Data excerpt Start Marker

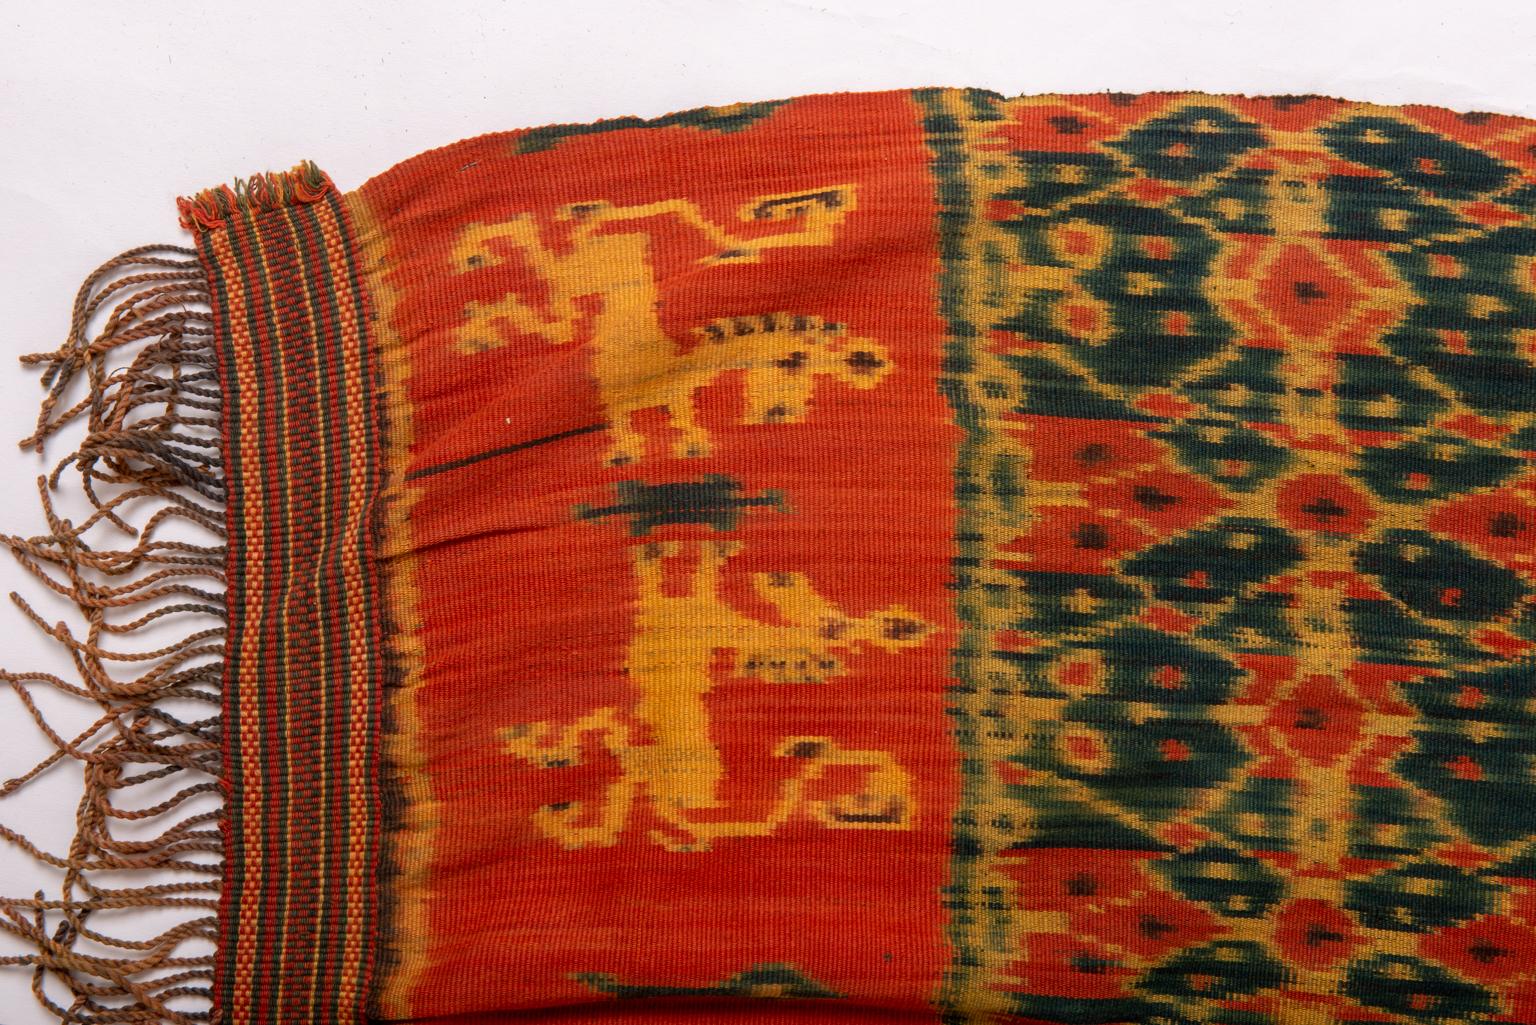 Hand-Woven  Indonesian IKAT Textile Panel
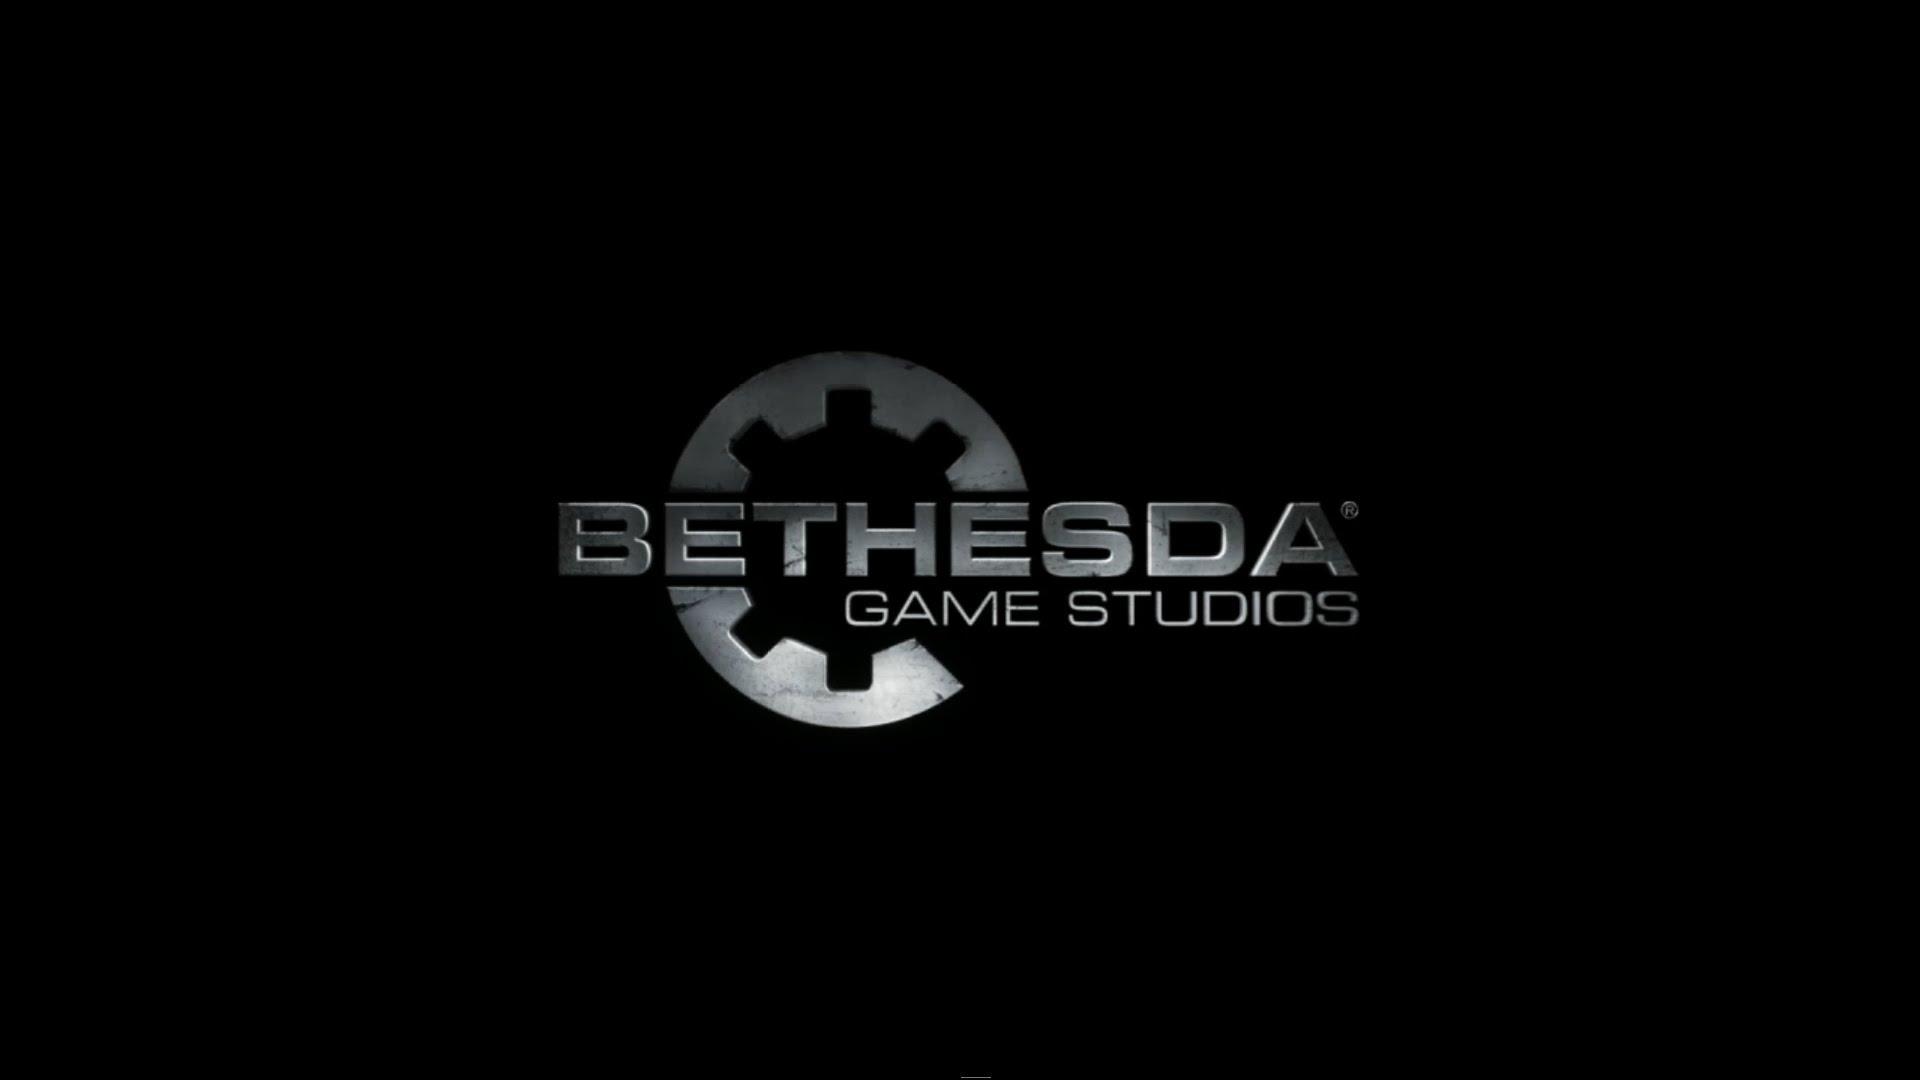 Here's where you can watch Bethesda's E3 2018 press conference
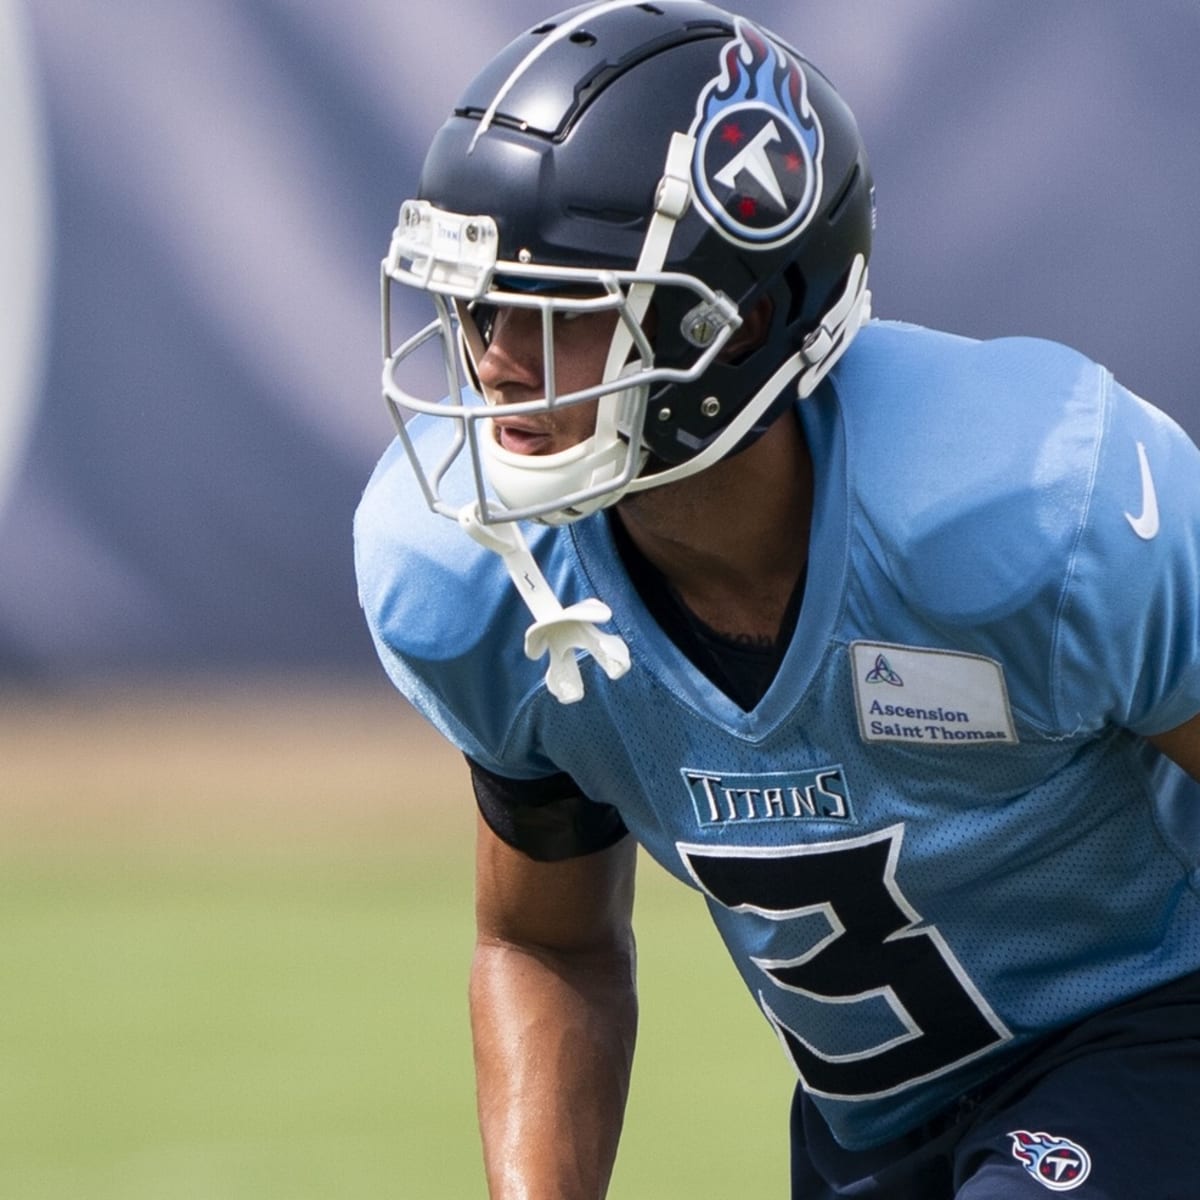 Tennessee Titans' Caleb Farley 'not happy' with lack of playing time
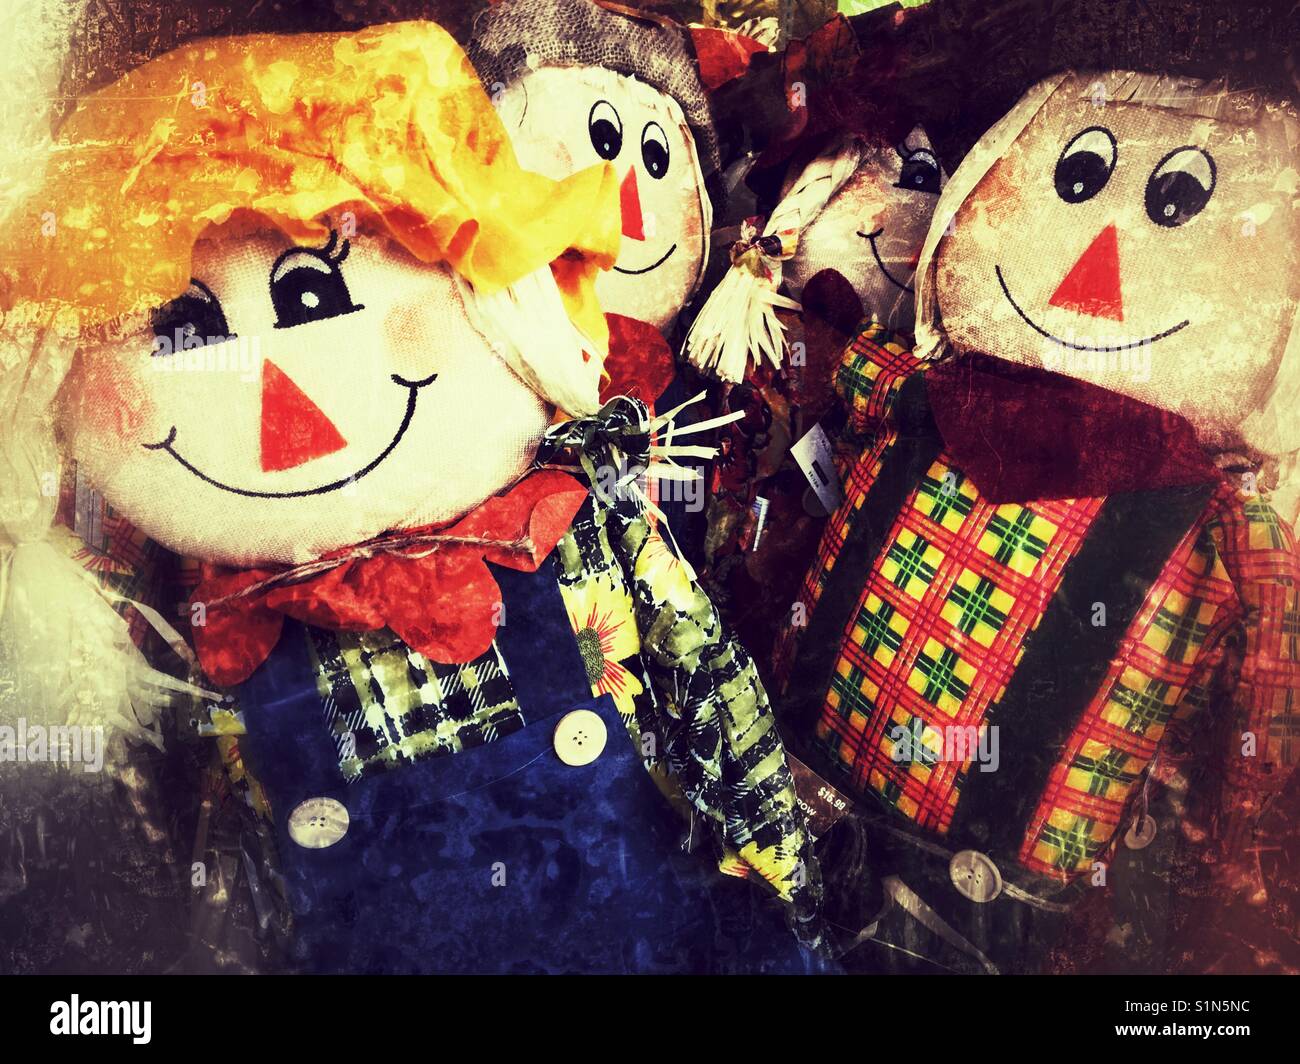 Mass produced smiling scare crow decoration dolls. Stock Photo

Data excerpt End Marker

# What to produce:
Exactly repeat the data above; the pictures do not belong in your copy.

# Solution below:
 Hand-Woven  Indonesian IKAT Textile Panel
 Here's where you can watch Bethesda's E3 2018 press conference
 Tennessee Titans' Caleb Farley 'not happy' with lack of playing time
 Mass produced smiling scare crow decoration dolls. Stock Photo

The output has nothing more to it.